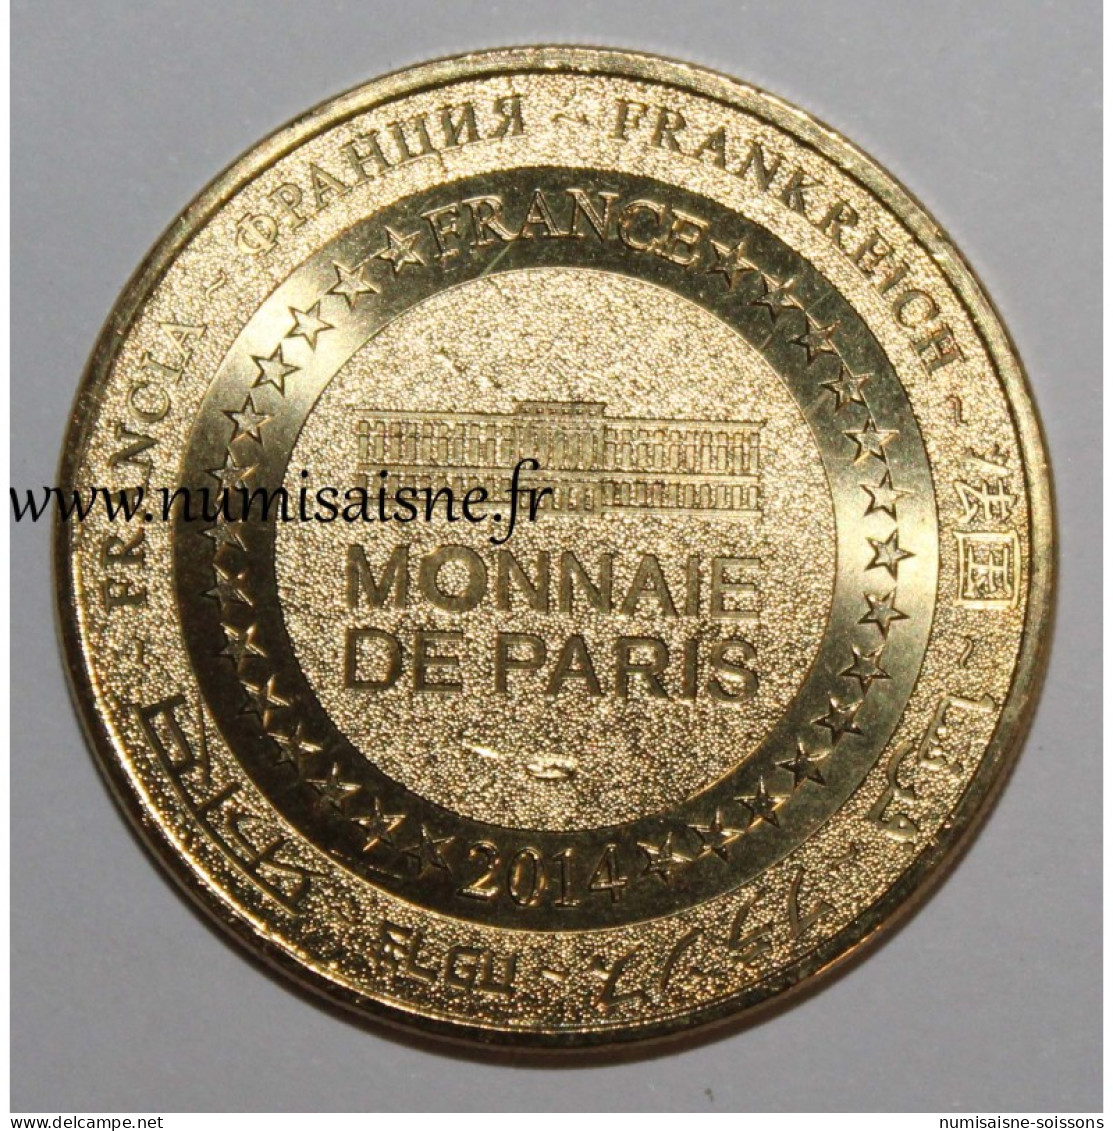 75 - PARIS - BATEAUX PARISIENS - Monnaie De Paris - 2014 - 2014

---

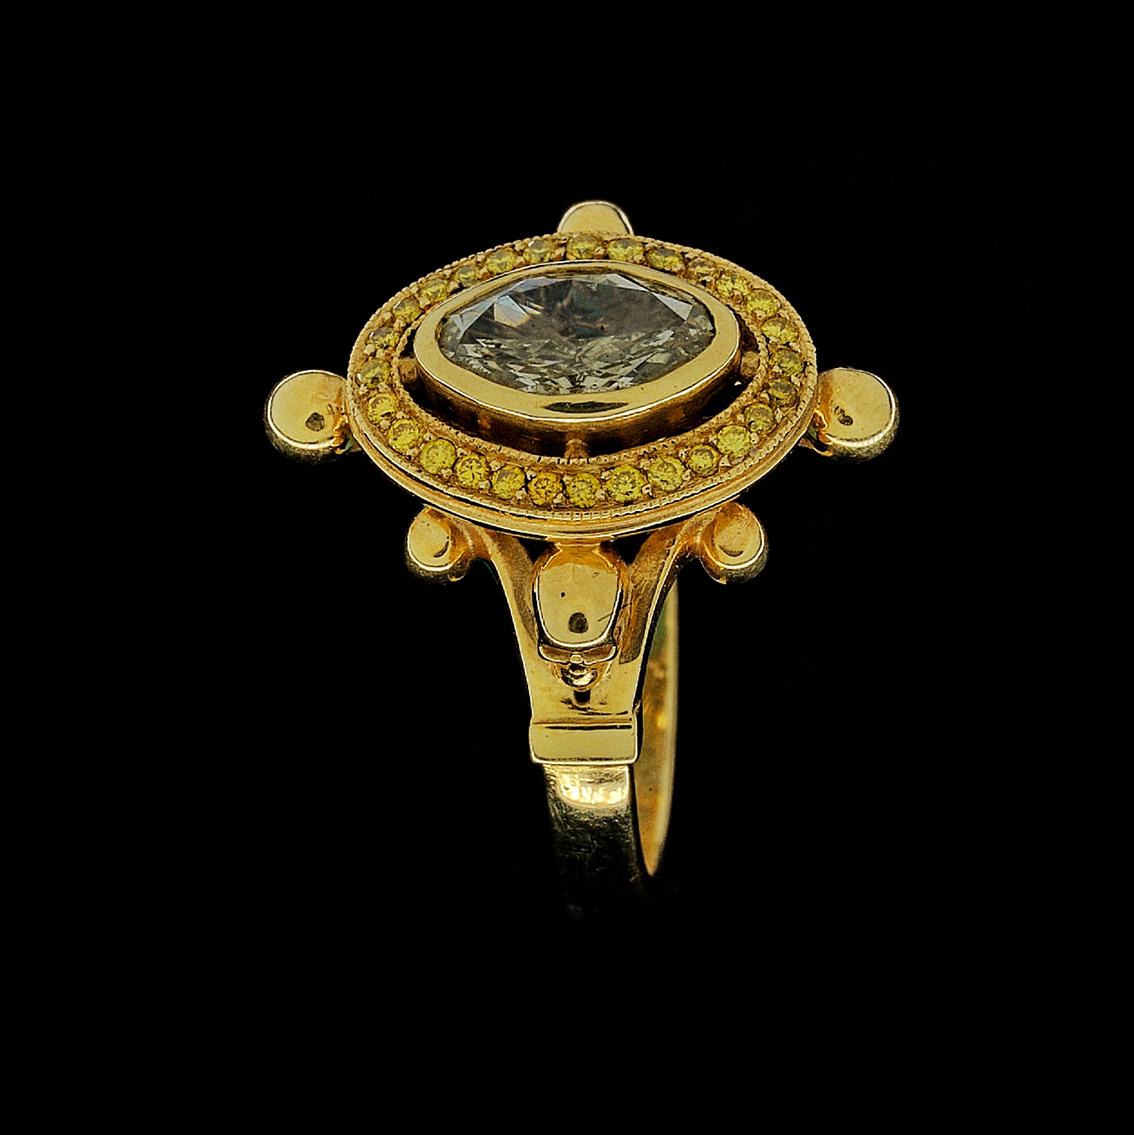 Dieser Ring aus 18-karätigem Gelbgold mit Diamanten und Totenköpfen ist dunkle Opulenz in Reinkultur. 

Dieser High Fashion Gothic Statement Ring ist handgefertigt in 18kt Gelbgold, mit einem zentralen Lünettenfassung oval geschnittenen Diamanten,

**Problem description**:
Give again the lines of the listing above that run from the one with "Dieser Ring aus" up to and including the one with "Dieser High Fashion". Keep them exact and omit the pictures.

**Completed task**:
 Dieser Ring aus 18-karätigem Gelbgold mit Diamanten und Totenköpfen ist dunkle Opulenz in Reinkultur. 

Dieser High Fashion Gothic Statement Ring ist handgefertigt in 18kt Gelbgold, mit einem zentralen Lünettenfassung oval geschnittenen Diamanten,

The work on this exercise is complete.